Hey Mike.
Wallowing a bunch lately - but then I try and spin it, because what if I end up like my mom not being able to remember ANYTHING? Might as well roll around in it while I still can - especially as this fucking flat patch of life is really a slog.
Anyway, the Violent Femmes came on my Sp*tify feed and I immediately thought about one of my earliest dates with you (possibly the earliest? Hard to remember, since it's all so rum-soaked and speed-blended). That Violent Femmes show that I only remember from the seats in Van Duzer (I think - it was definitely a theater, so I think that was the only HSU location then for that?) and definitely, as I'm doing a deep dive into VF, explains my affinity for Jonathan Richman. Though I still hate the Blister song that has been played out, they are pretty damn punk rock and arty and all of that weirdo energy I loved about punk initially.

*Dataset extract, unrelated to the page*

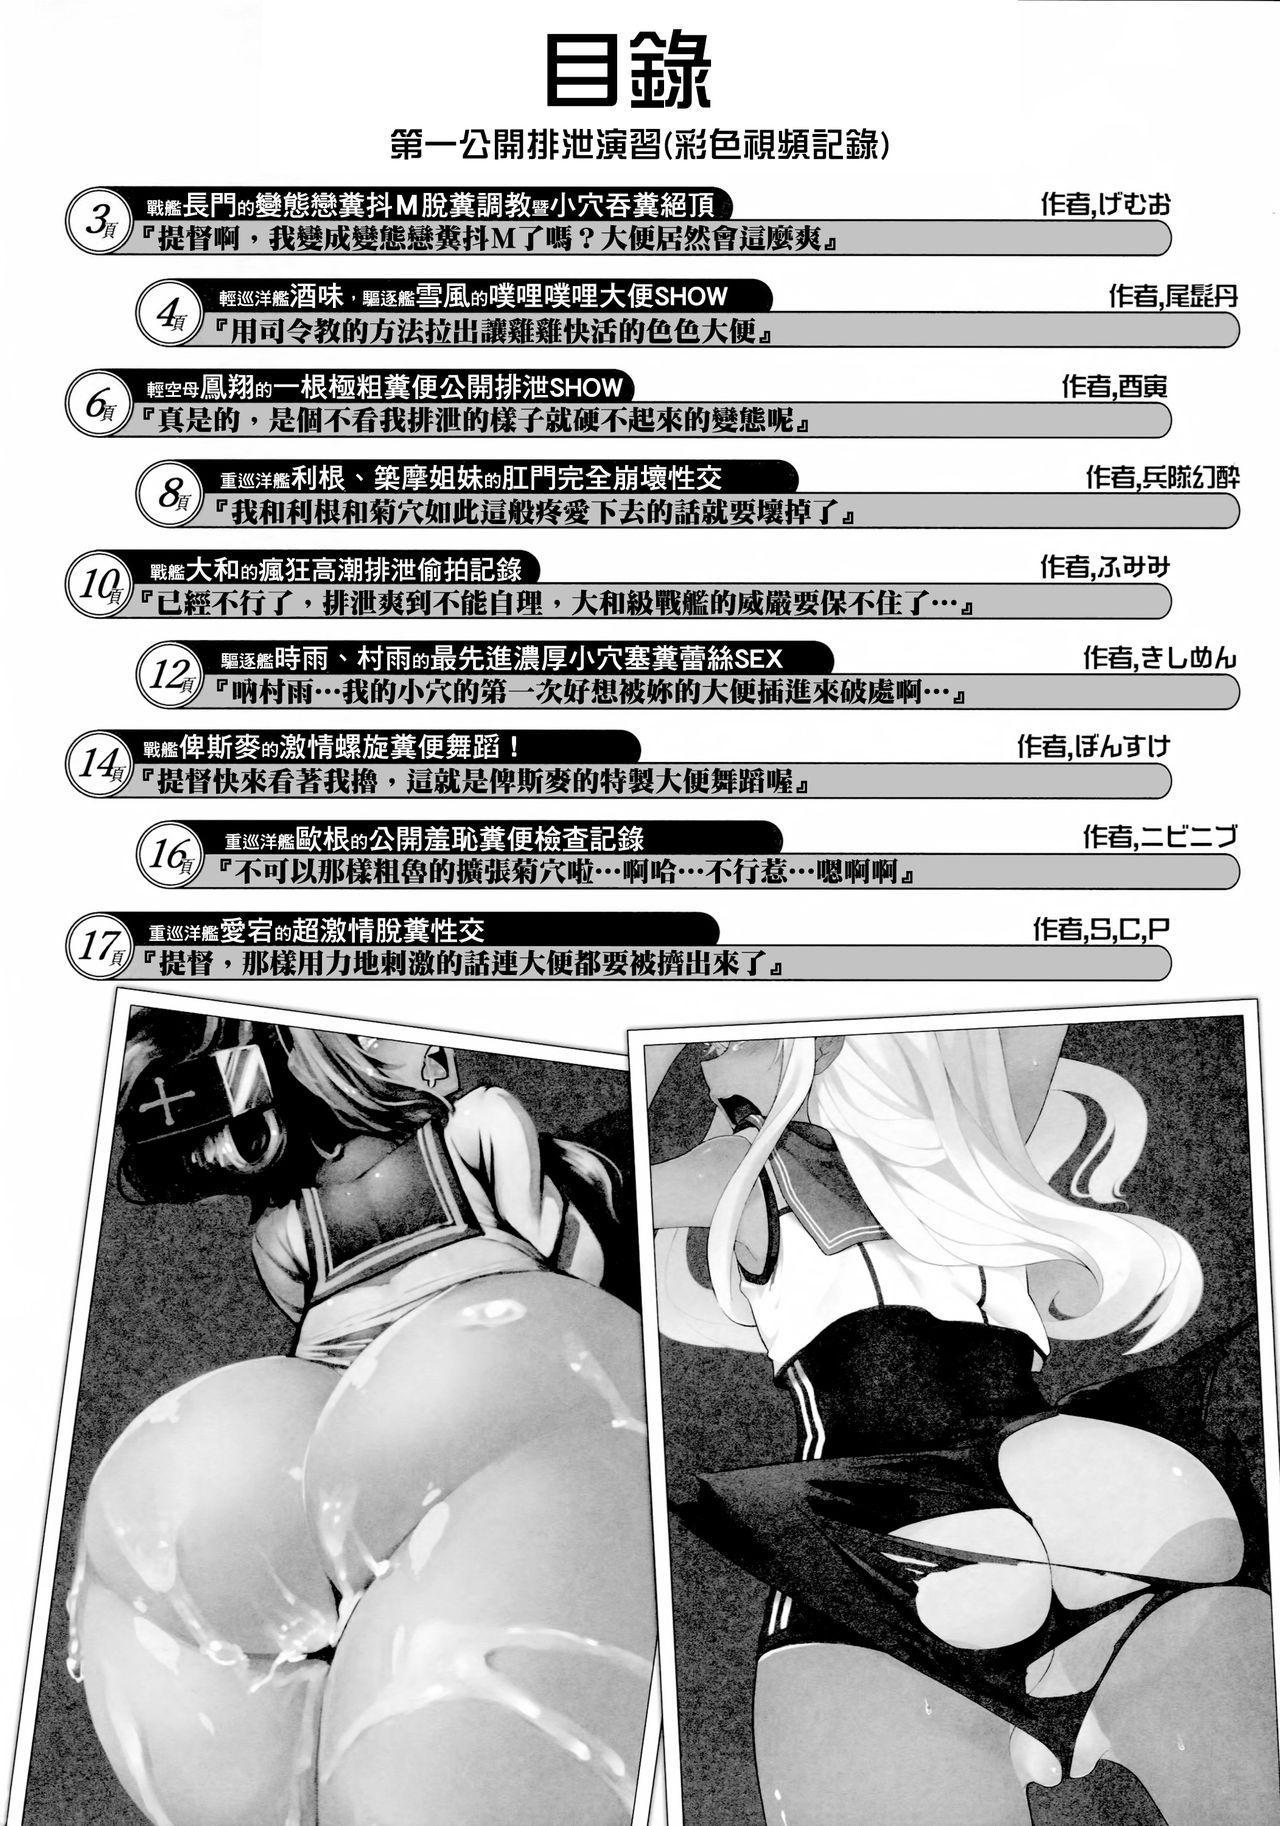 KanColle Haisetsu Sex Goudoushi LoveSca! Goudou Enshuu!! | 艦C排泄性交合同誌 激情糞便! 聯合演習!! 19

I remember ripping down a VF poster off a pole, though literally do not remember if that was before or after ending up in Arcata.
The point I was trying to get to though was how formative those first years may have been in everything that has become my life. Man, you taught me soem weird, weird shit in terms of how to live.
We ate on your dad's credit card all the time, all that pizza and coke and rum! All that speed. That shitty room you had in that sktechy af apartment place. After the Violent Femmes show, coming home so drunk you had to break the window, and didn't I go through the window to open the door? Unreal! Chaos! so punk! No wonder I thought you were the sun and the moon. Goofy me, living on the edge. I loved that everyone knew you, though it did get tedious that everyone seemed pissed. But I love an underdog. Funny though that you were my Calvin to my Hobbes. Cause now, ol' Brad is a dreamy snowboarding zen master, and you are gone.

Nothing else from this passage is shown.